Take this to the Bank

Apparently, Congress is growing its balls big enough to legislate to its benefactors...errr...banks and credit card companies. In true "...there oughta be a law..." fashion, Congress has picked out some shady moves and intends to stamp out some of the more objectionable items. What are those items? Look them up...WTF do I look like?

Generally, I'm not a big supporter of enacting legislation to address problems because those entities with the most money are in better position to be heard and, by extension, get their points across. All that the rest of us have are links to our Congressmen.
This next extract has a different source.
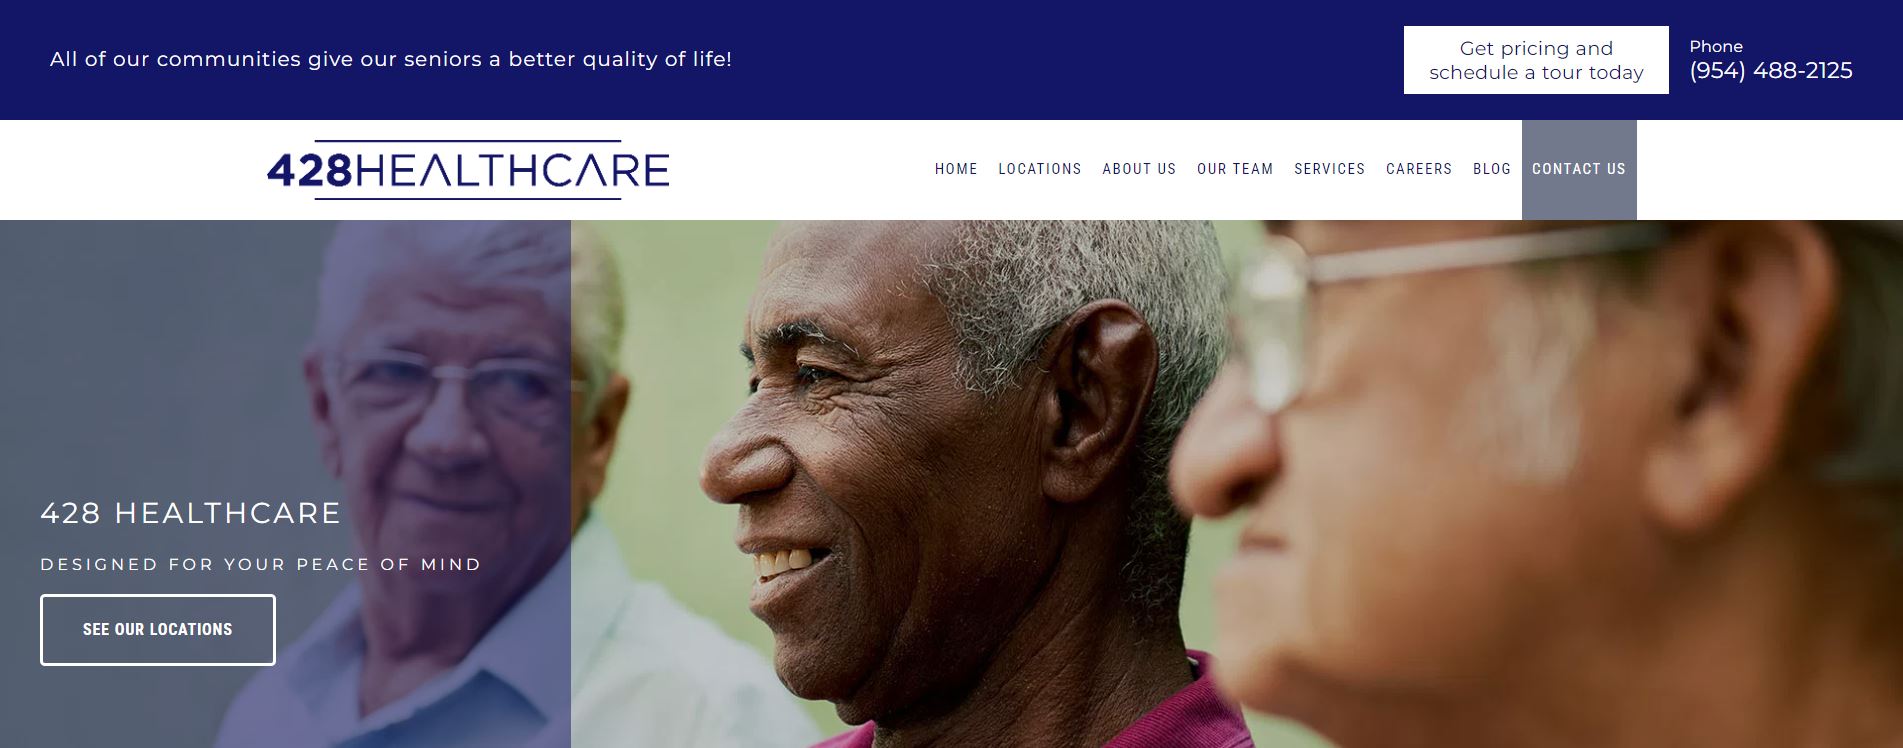 Image of a webpage screenshot showing a website for healthcare services, with a focus on an elderly man and an older woman, likely in the context of health insurance or retirement living.

As such, legislation is sure to get watered down or, worse yet, give the card companies explicit license and authority to put our heads in a vise.

That doesn't mean I'm against capitalism. Capitalism is one thing; a corporate bordello is another.

The real issue here is that corporations (and related entities) have more rights than people. The MBNA-supported (since swallowed up by Bank of America) bankrupcy law is one example, where corporations have a greater legal right to declare bankrupcy than citizens (it is easy for the cynic to point out that the bankrupcy law is evidence, however circumstantial, that the banks saw this mess coming).

Another example is that banks can "export" interest rates across states more easily than people can (legally) transport guns across state lines.

Finally, the credit card companies have the right to alter your credit card agreement at any time and for any reason. Nominally, we have no negotiating rights; any attempt to alter those terms, it typically states, would result in cancellation of the account agreement (read: they will close your account faster than they can wipe their asses with the paper on which you wrote your "amendments.").

Imagine, for a hot minute, that you had the right to tell the card company that sending unnecessary materials (like when they send offers to buy pens with your statement), literature or other items (and you have the right to determine that qualifies as unnecessary and an item) gives you the right to impose up to a $50 handling fee (for each item) on the banks, payable by a reduction in the account balance (at the cardholder's option, of course).

In practice, of course, we do have negotiating powers, subject to our leverage and credit scores. Unless you have a credit score- which has dubious underlying logic and serious underlying reporting issues- of 760 or above, you're fighting uphill.